→ **Aim of the task**:
Exact copy, no pictures: repeat the data that follows.

[Data section Boundary: Start]

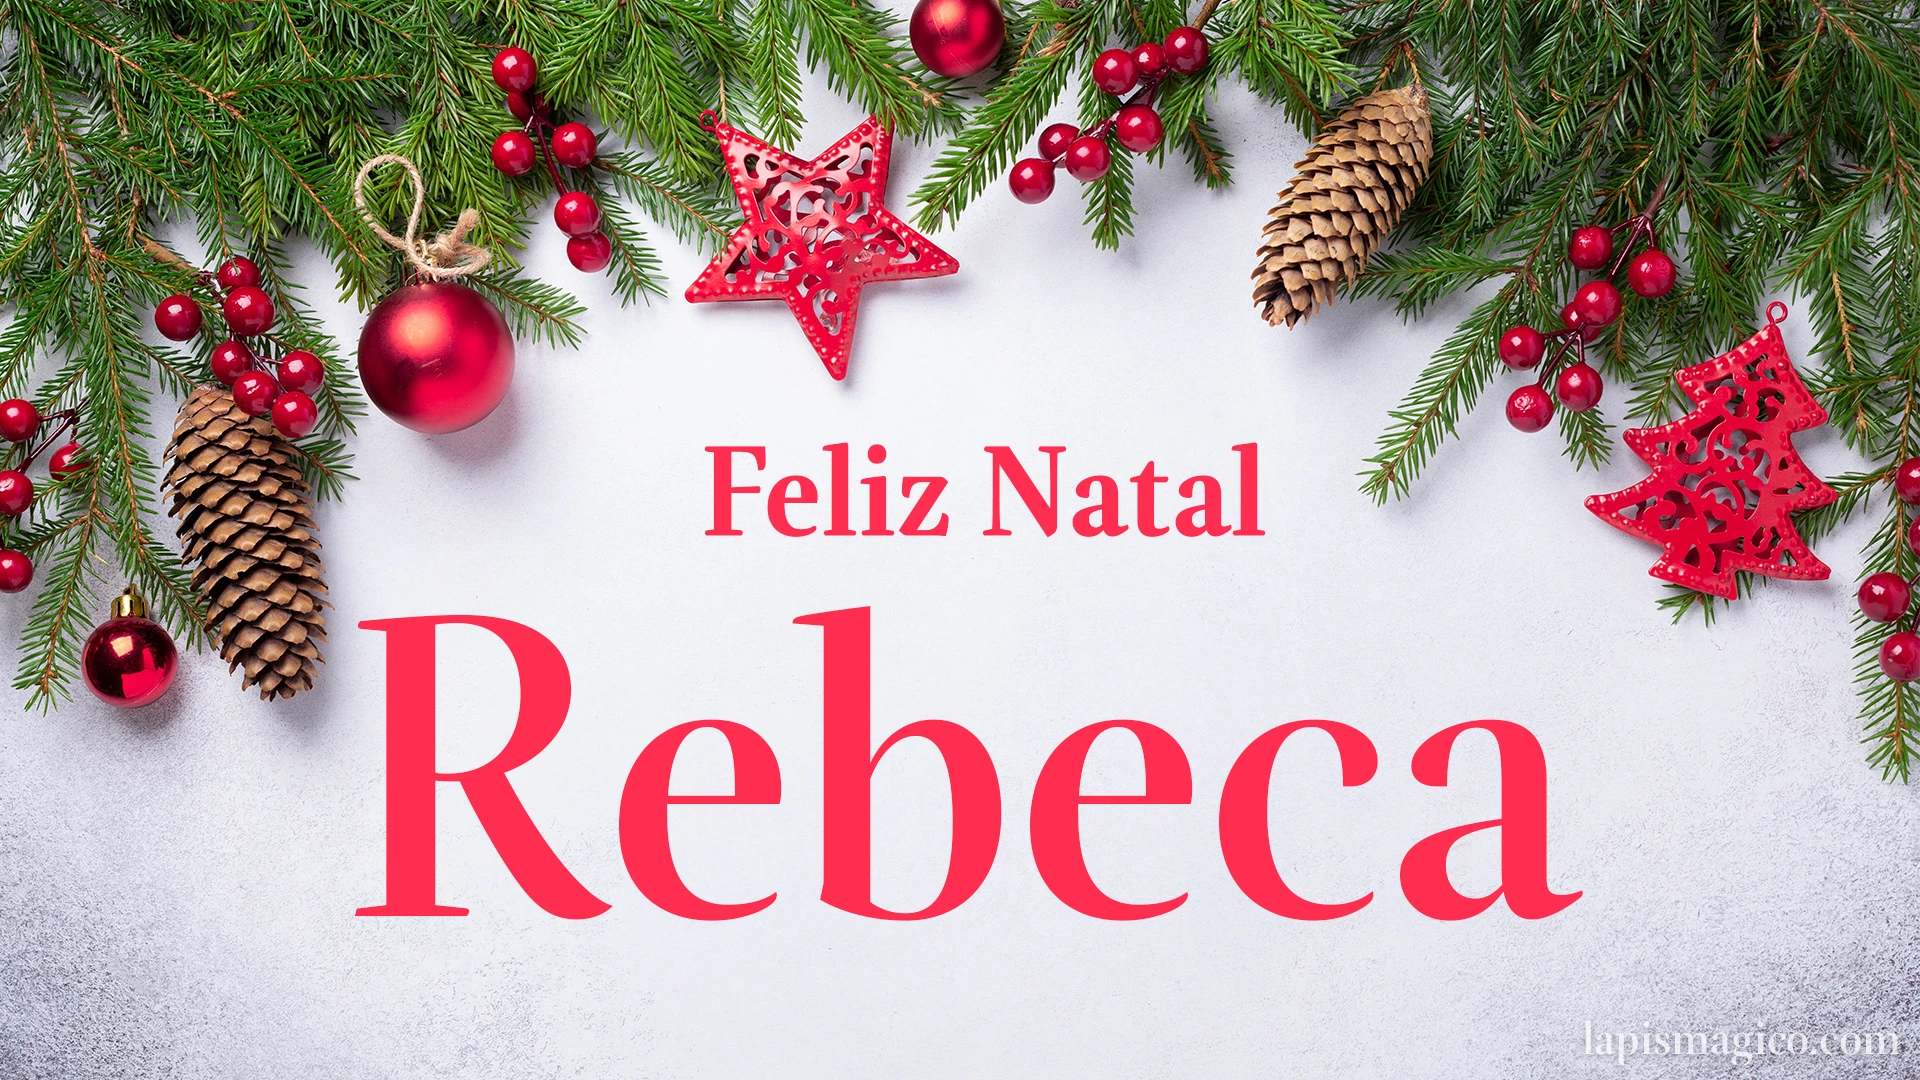 Oh Rebeca, cinco postais de Feliz Natal Postal com o teu nome
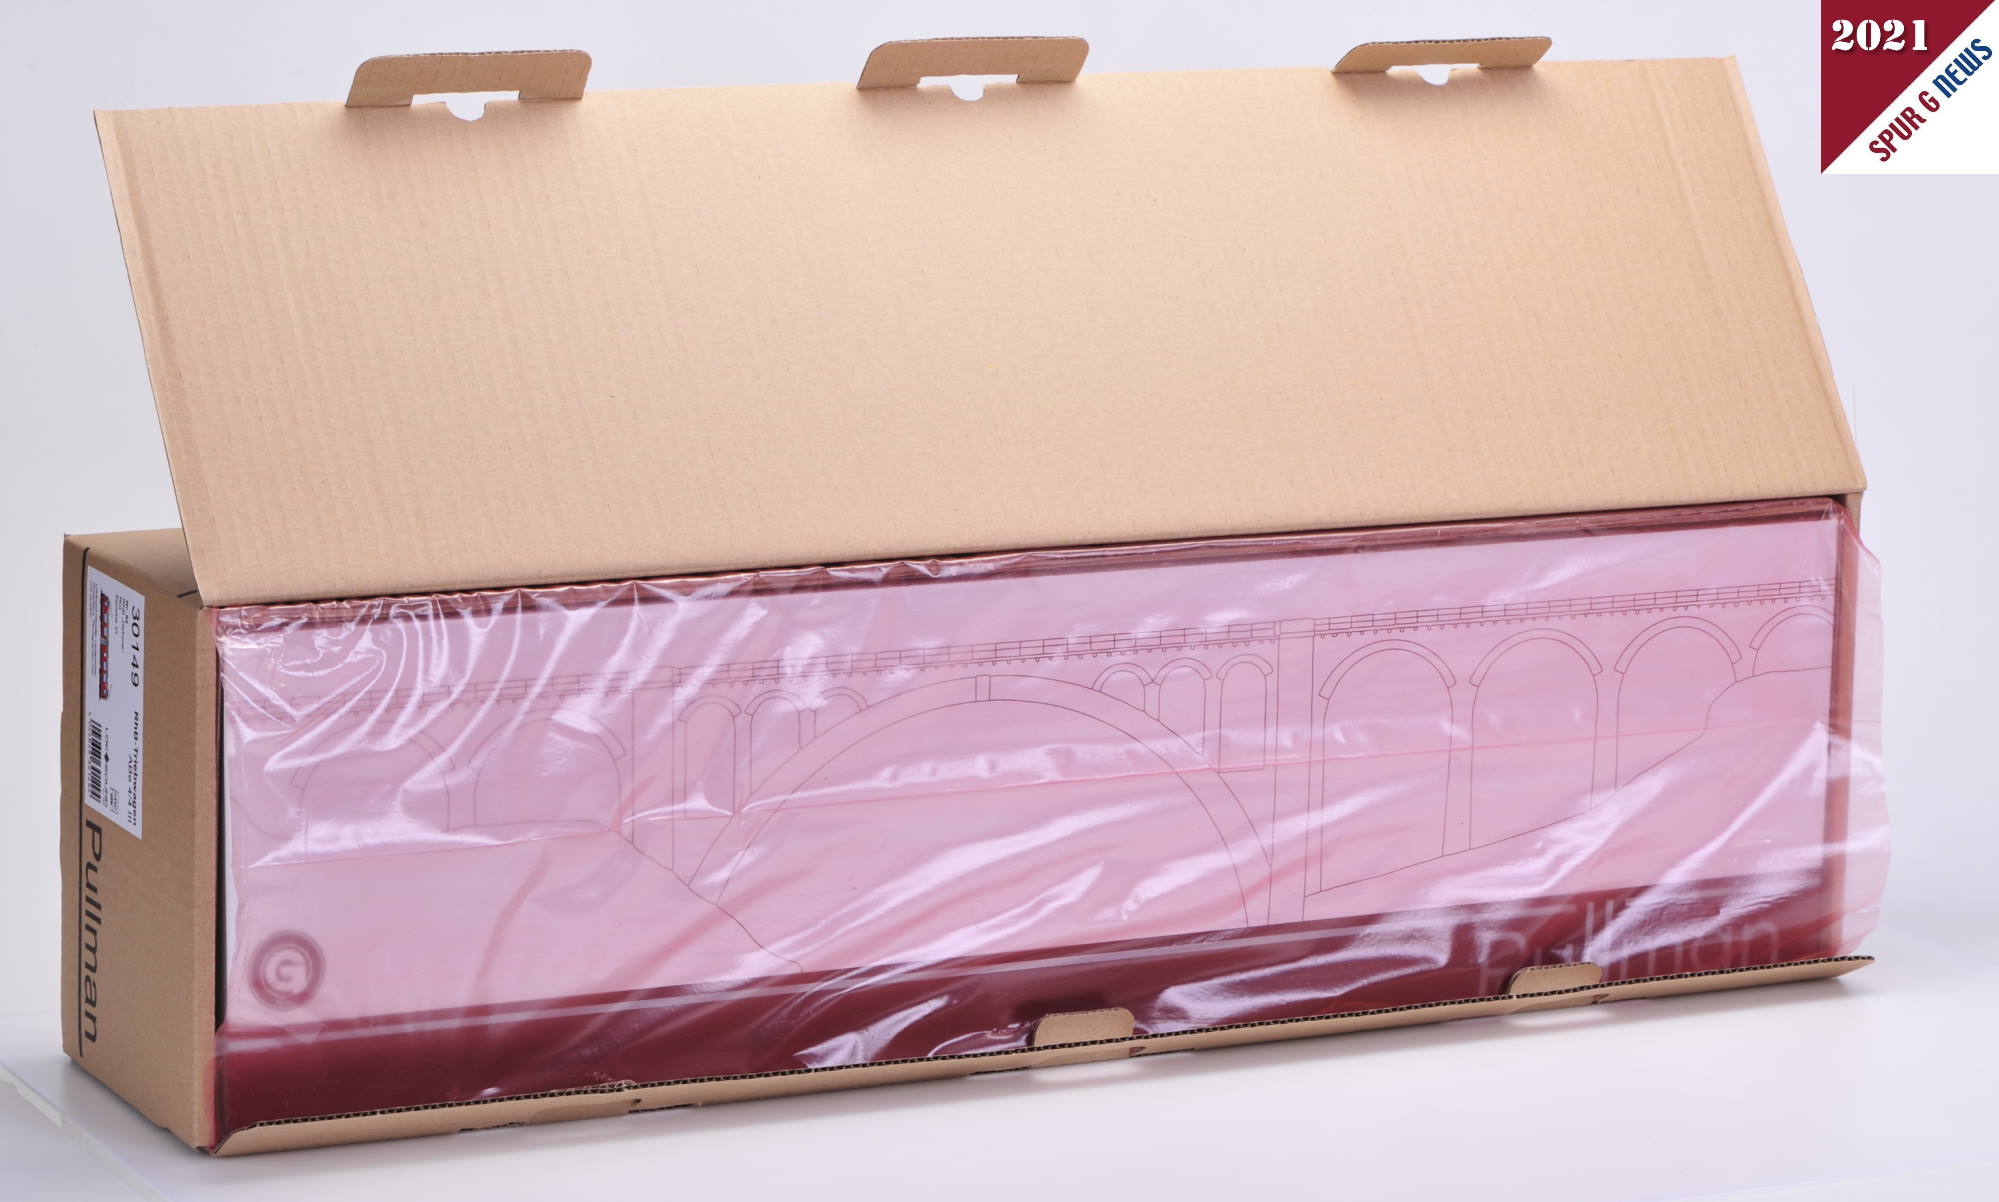 Wird der Umkarton aufgeklappt, kommt wieder ein Verpackungskarton mit rosa Kunststoffhlle zum Vorschein. Nun ist der Pullman Karton in wei mit dem Viadukt schon zu erkennen. 
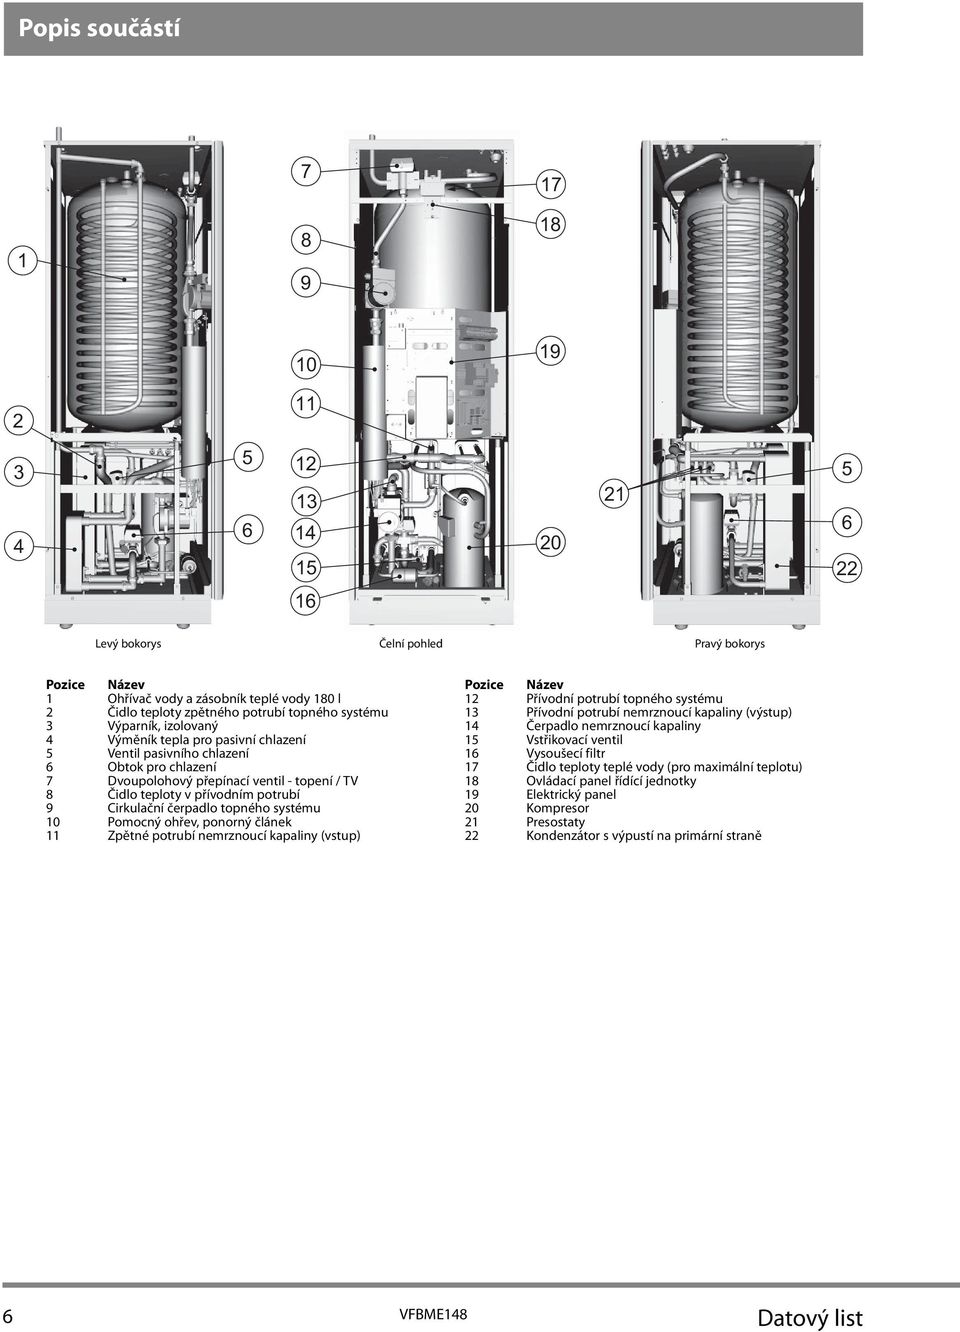 potrubí 9 irkulační čerpadlo topného systému 10 Pomocný ohřev, ponorný článek 11 Zpětné potrubí nemrznoucí kapaliny (vstup) Pozice Název 12 Přívodní potrubí topného systému 13 Přívodní potrubí

[Data section Boundary: End]

→ **Result for this task**:
 Oh Rebeca, cinco postais de Feliz Natal Postal com o teu nome
 Wird der Umkarton aufgeklappt, kommt wieder ein Verpackungskarton mit rosa Kunststoffhlle zum Vorschein. Nun ist der Pullman Karton in wei mit dem Viadukt schon zu erkennen. 
 potrubí 9 irkulační čerpadlo topného systému 10 Pomocný ohřev, ponorný článek 11 Zpětné potrubí nemrznoucí kapaliny (vstup) Pozice Název 12 Přívodní potrubí topného systému 13 Přívodní potrubí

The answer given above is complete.